# What is the difference between Gini index and Gini coefficient?

I am building a decision tree from scratch. I have been using entropy so far (calculated this way):

def calculate_entropy(data):

label_column = data[:,-1]
_,counts = np.unique(label_column,return_counts=True)

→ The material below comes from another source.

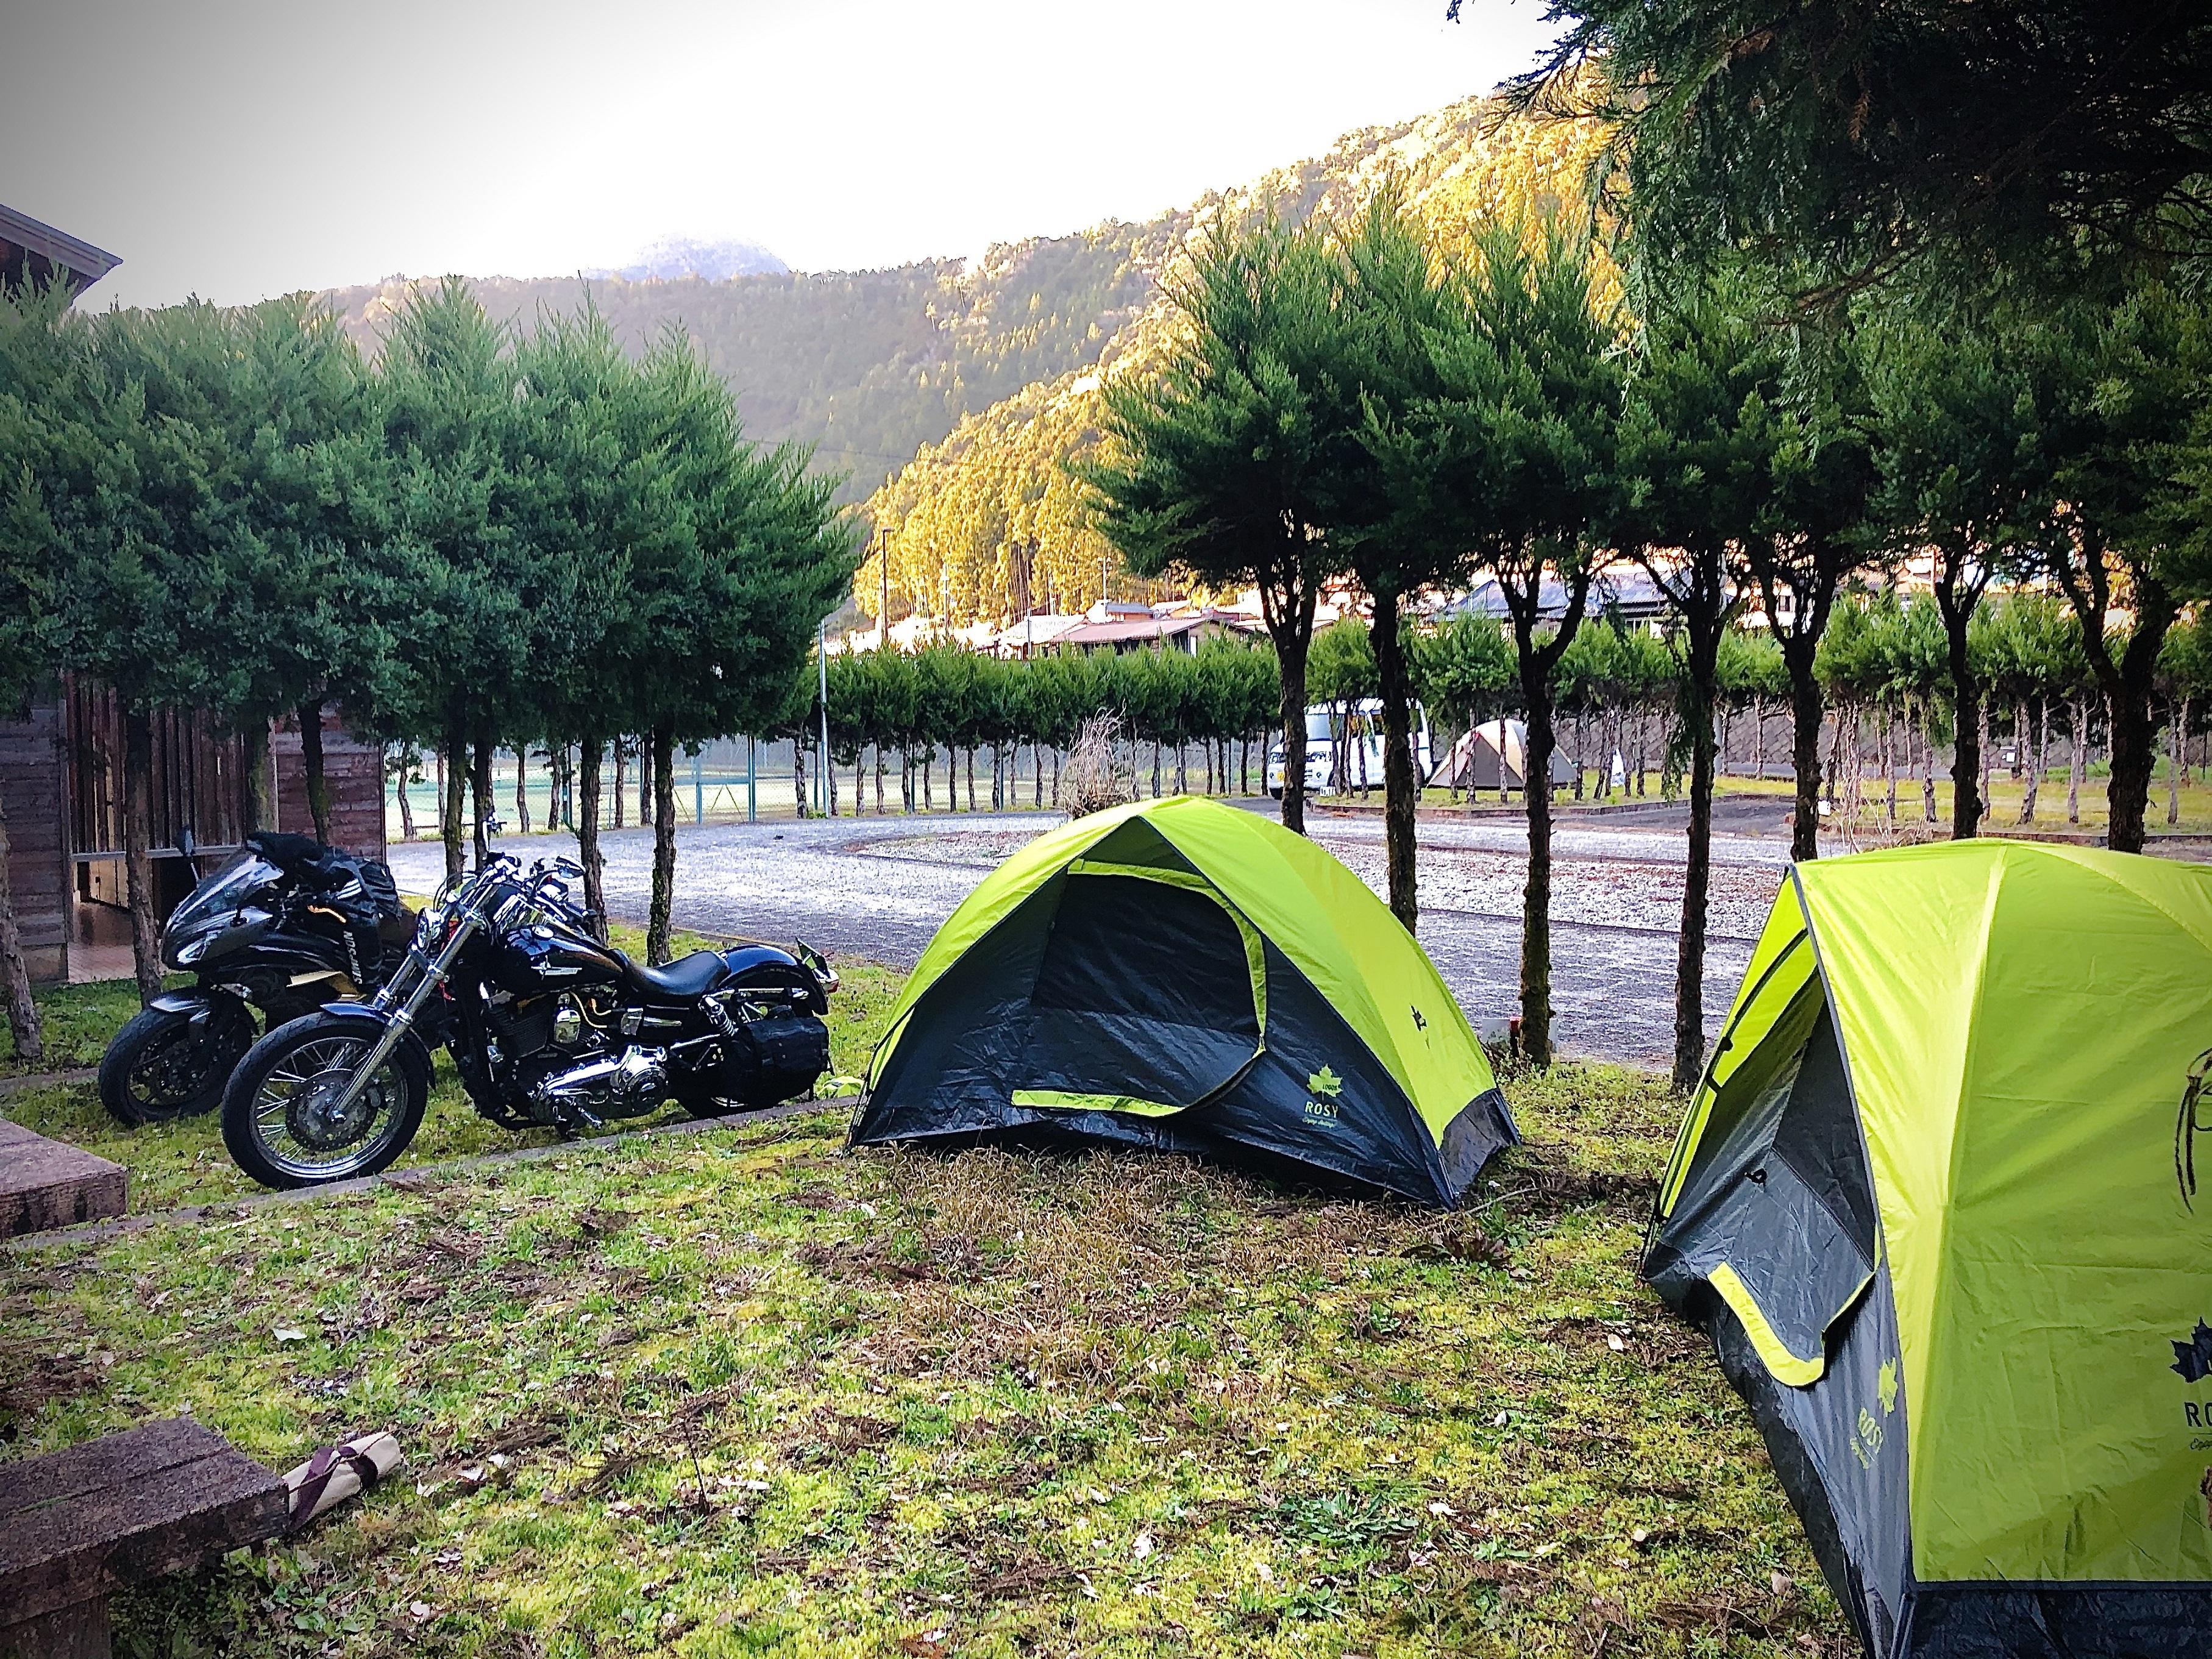 ぴーきち&ダイナ 紀伊半島ツーリング 和歌山県 おくとろ公園キャンプ場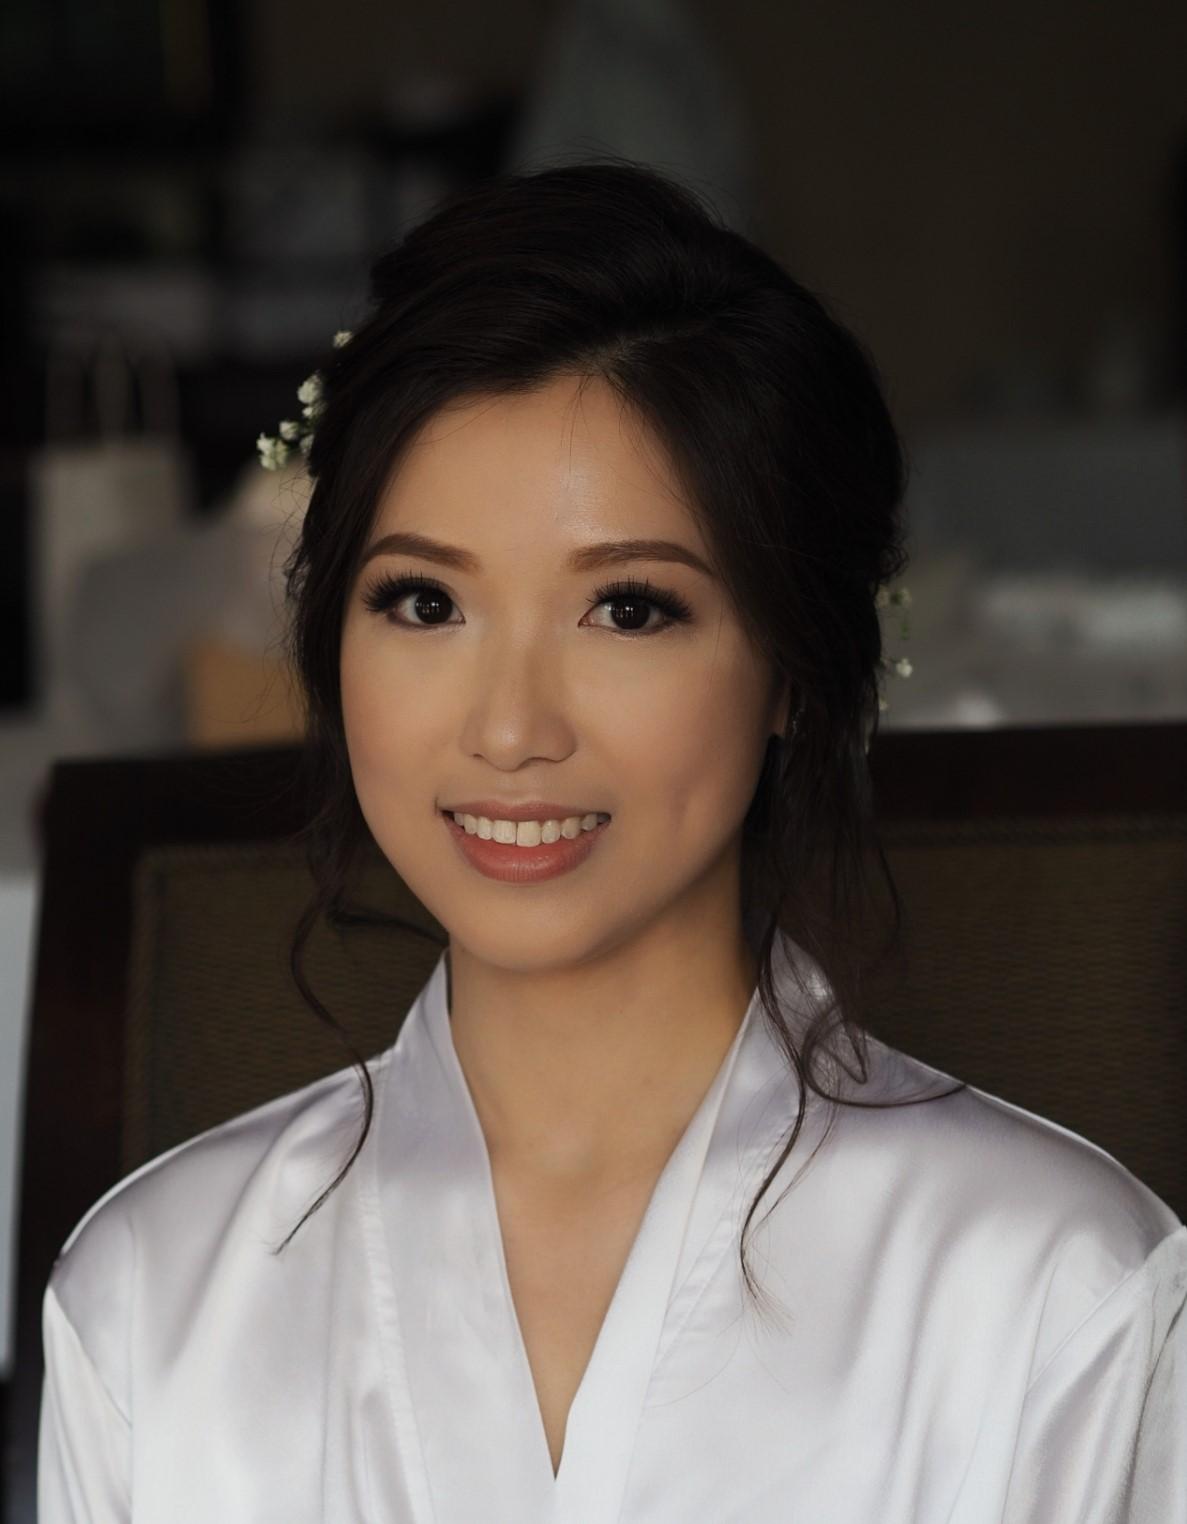 Chinese bridal makeup lashes Vaughan

probabilities = counts/counts.sum()
entropy = sum(probabilities*(-np.log2(probabilities)))

return entropy


Now I want to implement a function that calculates the Gini index of an array. From here I get the following function that calculates:

def gini_coeff(x):
# requires all values in x to be zero or positive numbers,
# otherwise results are undefined
n = len(x)
s = x.sum()
r = argsort(argsort(-x)) # calculates zero-based ranks
return 1 - (2.0 * (r*x).sum() + s)/(n*s)


That for

x = [1,1,2]
gini_coeff(np.array(x))


0.16666666666666663

But from this other source I see that the Gini impurity can be calculated

$$G = \sum_i^n \cdot p(i) \cdot (1-p(i))$$

That I implemented this way

def calculate_gini(data):
label_column = data
_,counts = np.unique(label_column,return_counts=True)

probabilities = counts/counts.sum()
return sum(probabilities*(1-probabilities))

calculate_gini(x)


0.4444444444444444

I believe that I am making here a conceptual problem. What is it? What are the differences? Which one should I use for a decision tree?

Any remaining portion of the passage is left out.